Following Model Cards for Model Reporting (Mitchell et al.) and Lessons from Archives (Jo & Gebru) we provide additional information on PerAct.
- Developed by Shridhar et al. at University of Washington and NVIDIA. PerAct is an end-to-end behavior cloning agent that learns to perform a wide variety of language-conditioned manipulation tasks. PerAct uses a Transformer that exploits the 3D structure of voxel patches to learn policies with just a few demonstrations per task.
- Architecture: Transformer trained from scratch with end-to-end supervised learning.
- Trained for 6-DoF manipulation tasks with objects that appear in tabletop scenes.
Nov 2022
- Primary intended use case: PerAct is intended for robotic manipulation research. We hope the benchmark and pre-trained models will enable researchers to study the capabilities of Transformers for end-to-end 6-DoF Manipulation. Specifically, we hope the setup serves a reproducible framework for evaluating robustness and scaling capabilities of manipulation agents.
- Primary intended users: Robotics researchers.
- Out-of-scope use cases: Deployed use cases in real-world autonomous systems without human supervision during test-time is currently out-of-scope. Use cases that involve manipulating novel objects and observations with people, are not recommended for safety-critical systems. The agent is also intended to be trained and evaluated with English language instructions.
- Pre-training Data for CLIP's language encoder: See OpenAI's Model Card for full details. Note: We do not use CLIP's vision encoders for any agents in the repo.

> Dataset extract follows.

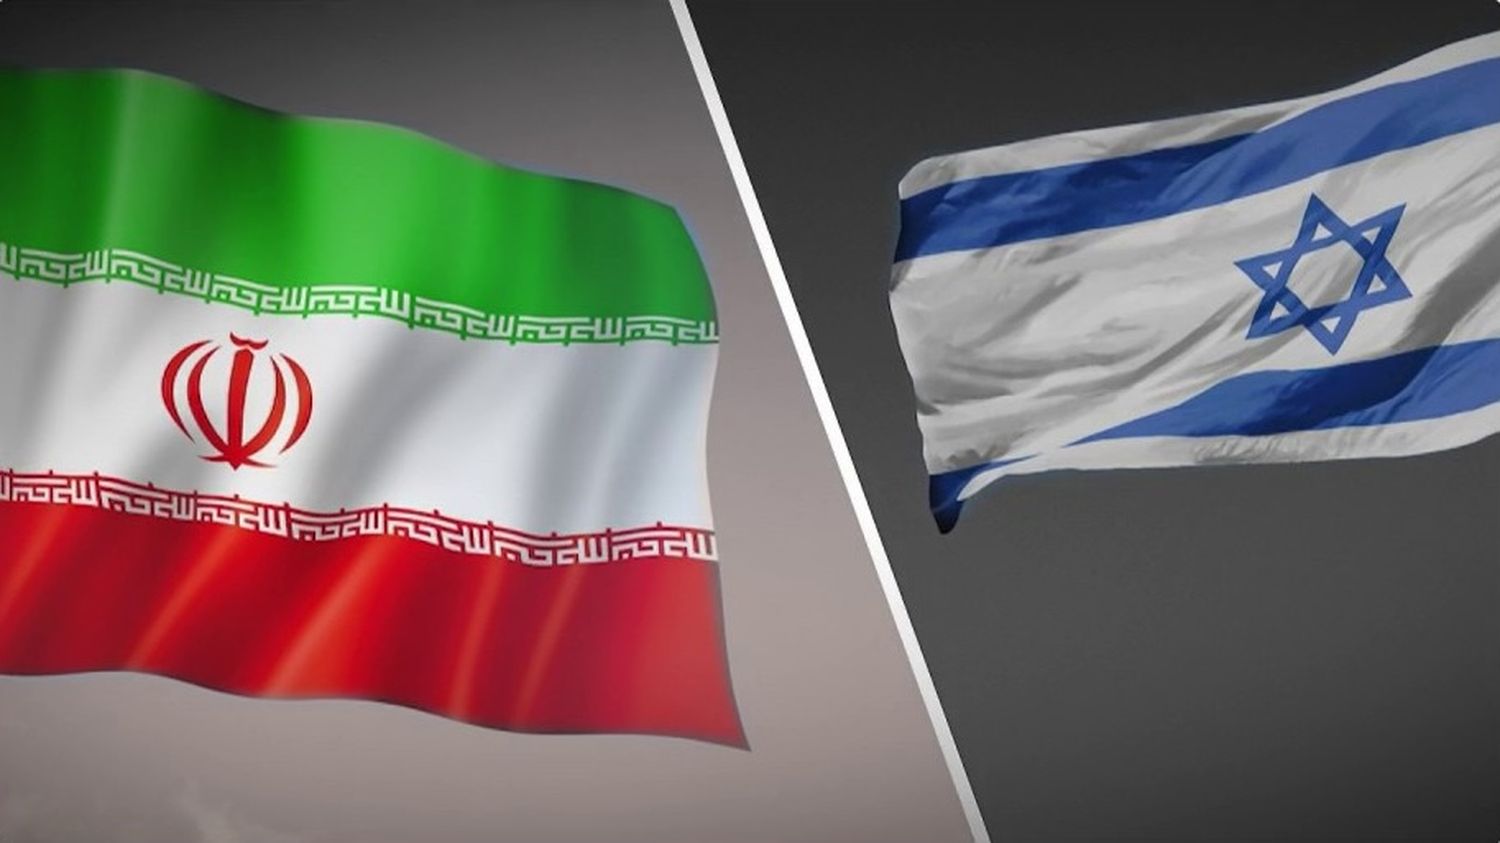 Iran-Israël : Une situation très pernicieuse
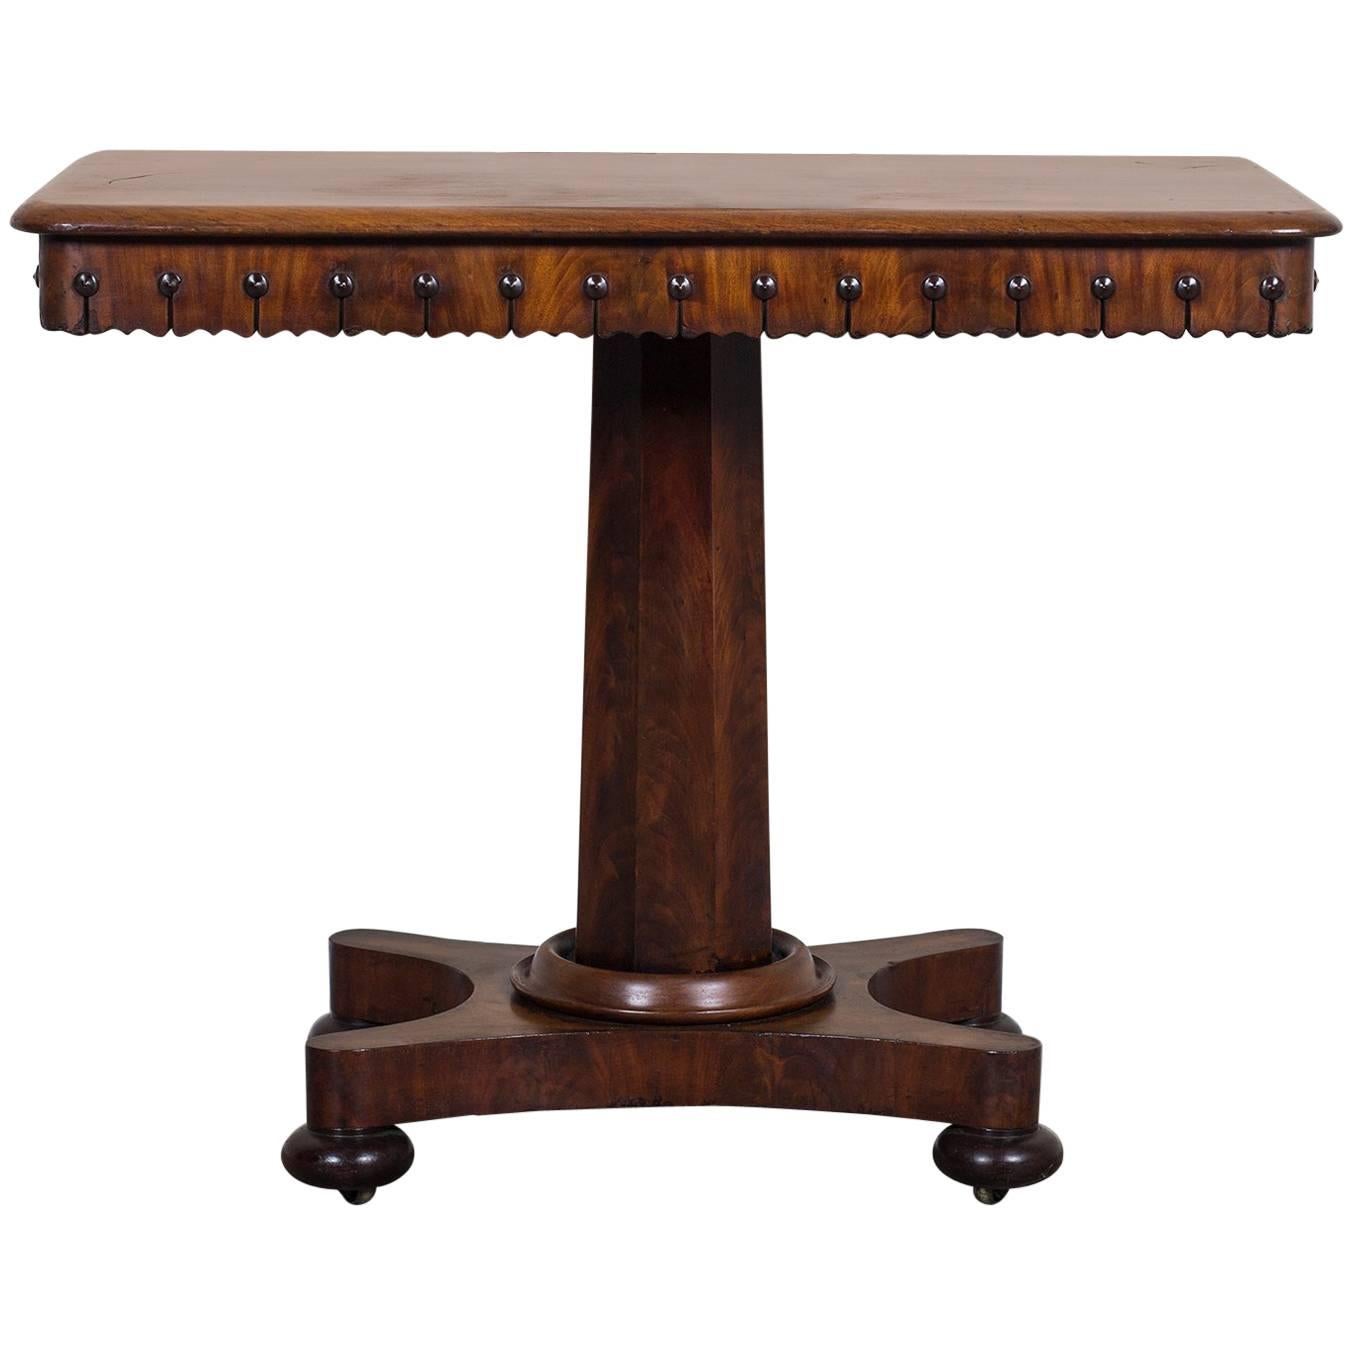 Antique English William IV Mahogany Table, circa 1835

- Manipulation Data for PerAct: The agent was trained with expert demonstrations. In simulation, we use oracle agents and in real-world we use human demonstrations. Since the agent is used in few-shot settings with very limited data, the agent might exploit intended and un-intented biases in the training demonstrations. Currently, these biases are limited to just objects that appear on tabletops.
- Depends on a sampling-based motion planner.
- Hard to extend to dexterous and continuous manipulation tasks.
- Lacks memory to solve tasks with ordering and history-based sequencing.
- Exploits biases in training demonstrations.
- Needs good hand-eye calibration.
- Doesn't generalize to novel objects.
- Struggles with grounding complex spatial relationships.
- Does not predict task completion.
See Appendix L in the paper for an extended discussion.